To survive a motion to dismiss, a complaint must contain sufficient factual matter, accepted as true, to "state a claim to relief that is plausible on its face." Ashcroft v. Iqbal, 556 U.S. 662, 678 (2009) (quoting Bell Atlantic Corp. v. Twombly, 550 U.S. 544, 570 (2007)). A complaint is plausible when the plaintiff pleads factual content that allows the court to draw the reasonable inference that the defendant is liable for the misconduct alleged. Iqbal, 556 U.S. at 678 (citing Twombly, 550 U.S. at 556). Plausibility does not require probability but does require something more than a sheer possibility that a defendant has acted unlawfully. Iqbal, 556 U.S. at 678 (citing Twombly, 550 U.S. at 556). "[T]he tenet that a court must accept a complaint's allegations as true is inapplicable to legal conclusions. Threadbare recitals of a cause of action's elements, supported by mere conclusory statements, do not suffice." Iqbal, 556 U.S. at 678.

Rule 9(b) of the Federal Rules of Civil Procedure, made applicable to adversary proceedings by Bankruptcy Rule 7009, provides: "In alleging fraud or mistake, a party must state with particularity the circumstances constituting fraud or mistake." Fed. R. Civ. P. 9 (emphasis added). Circumstances constituting fraud or mistake consist of the time, place and contents of the false representations as well as the identity of the person making the misrepresentation and what he obtained thereby. Willner v. Dimon, 849 F.3d 93, 112 (4th Cir. 2017). The requirements of Rule 9(b) apply to all cases in which the gravamen of the claim is fraud, even if the theory supporting the claim is not technically termed fraud. Adams v. NVR Homes, Inc., 193 F.R.D. 243, 250 (D. Md. 2000). A complaint that fails to specifically allege the time, place and nature of the alleged fraud is subject to dismissal pursuant to Rule 12(b)(6). Id. "This heightened pleading requirement serves to protect defendants' reputations from baseless accusations, eliminate meritless suits brought only to extract a settlement, discourage fishing expeditions, and provide defendants with enough information about a plaintiff's allegations to mount a defense." Maguire Fin., LP v. PowerSecure Int'l, Inc., 876 F.3d 541, 546 (4th Cir. 2017) (citing Pub. Emps.' Ret. Ass'n of Colo. v. Deloitte & Touche LLP, 551 F.3d 305, 311 (4th Cir. 2009)).

III. ANALYSIS

Hanrahan argues that the Complaint must be dismissed as to him because it seeks to collaterally attack and re-litigate a final judgment entered by the State Court. Mot. to Dism. at p. 1. More specifically, he argues (i) Cahall is not a debtor and his claims are not within the jurisdiction of this Court because they are not part of a "core proceeding;" (ii) under the Rooker-Feldman doctrine, this Court lacks jurisdiction over Pieterse and Cahall's claims; (iii) Pieterse and Cahall's claims are alternatively barred under the doctrines of res judicata, collateral estoppel and collateral attacks on judgments; and (iv) accepting as true all properly pled factual allegations in the Complaint, and drawing all inferences in favor of Pieterse and Cahall, the Complaint fails to state a claim against Hanrahan upon which relief can be granted. Mot. to Dism. at pp. 1-2.
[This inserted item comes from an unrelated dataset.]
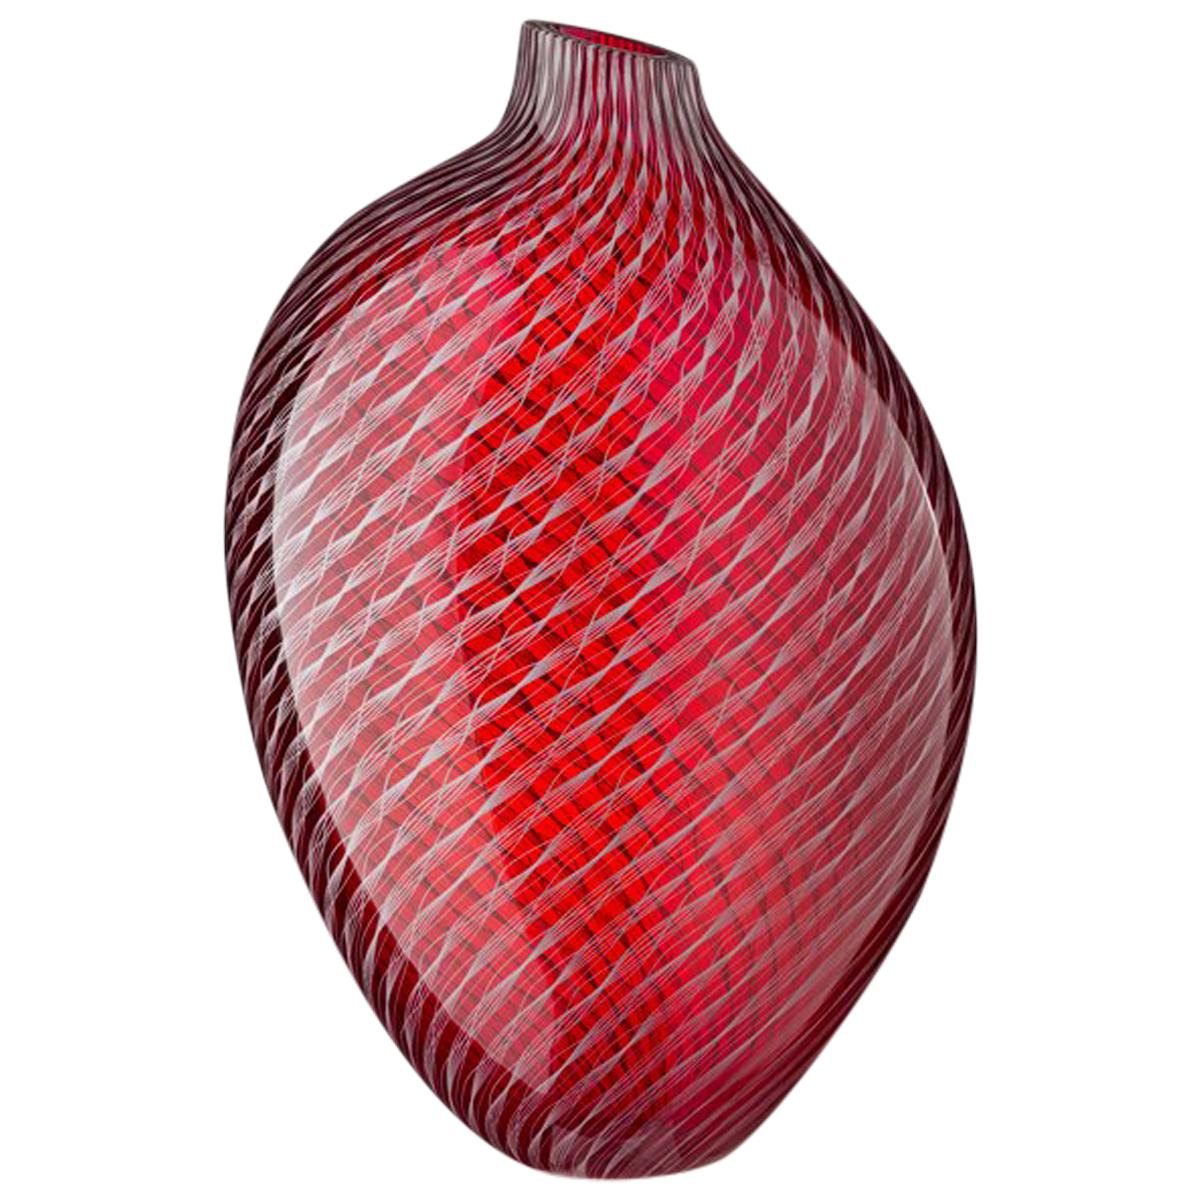 Handblown Red Murano Glass Filigree Vase "Ripple" by Studio Dillon for Salviati For Sale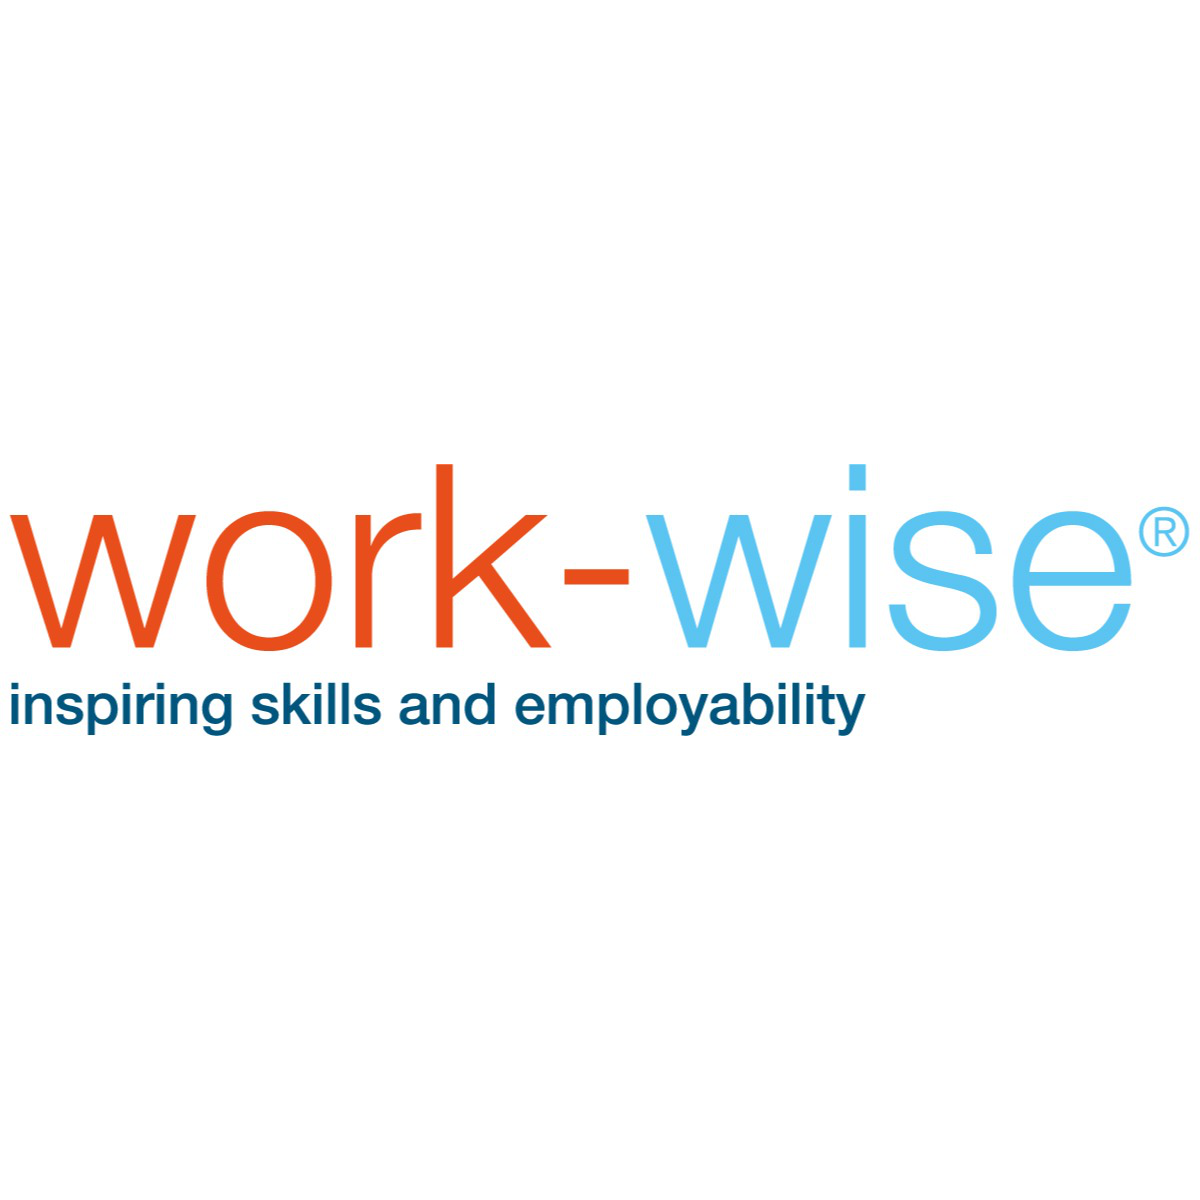 Work-Wise Engineering Employer Skills Academy

Because the Complaint fails to state a claim against Hanrahan upon which relief can be granted, dismissal of the Complaint against him is appropriate and the Court need not examine Hanrahan's other arguments.

A. Pleading a Claim for Aiding and Abetting

At the hearing on May 27, 2021, the Plaintiff agreed that the only count of the Complaint pertaining to Hanrahan is Count V, which asserts a claim for "aiding and abetting" based on Hanrahan, Robinson and Doud's efforts to collect the State Court Judgment on behalf of the State Court plaintiffs. Maryland recognizes aider and abettor tort liability, which "requires that there exist underlying tortious activity in order for the alleged aider and abettor to be held liable." Alleco Inc. v. Harry & Jeanette Weinberg Foundation, 340 Md. 176, 199, 200-01 (1995). To establish a claim for aiding and abetting, a plaintiff must show: (i) there is a violation of the law (i.e., a tort) by the principal; (ii) the defendant knew about the violation; and (iii) the defendant gave substantial assistance or encouragement to the principal to engage in the tortious conduct. Alleco, 340 Md. at 186. Consequently, the Court's analysis begins with a determination of whether Pieterse and Cahall adequately allege that Hanrahan committed an underlying tort.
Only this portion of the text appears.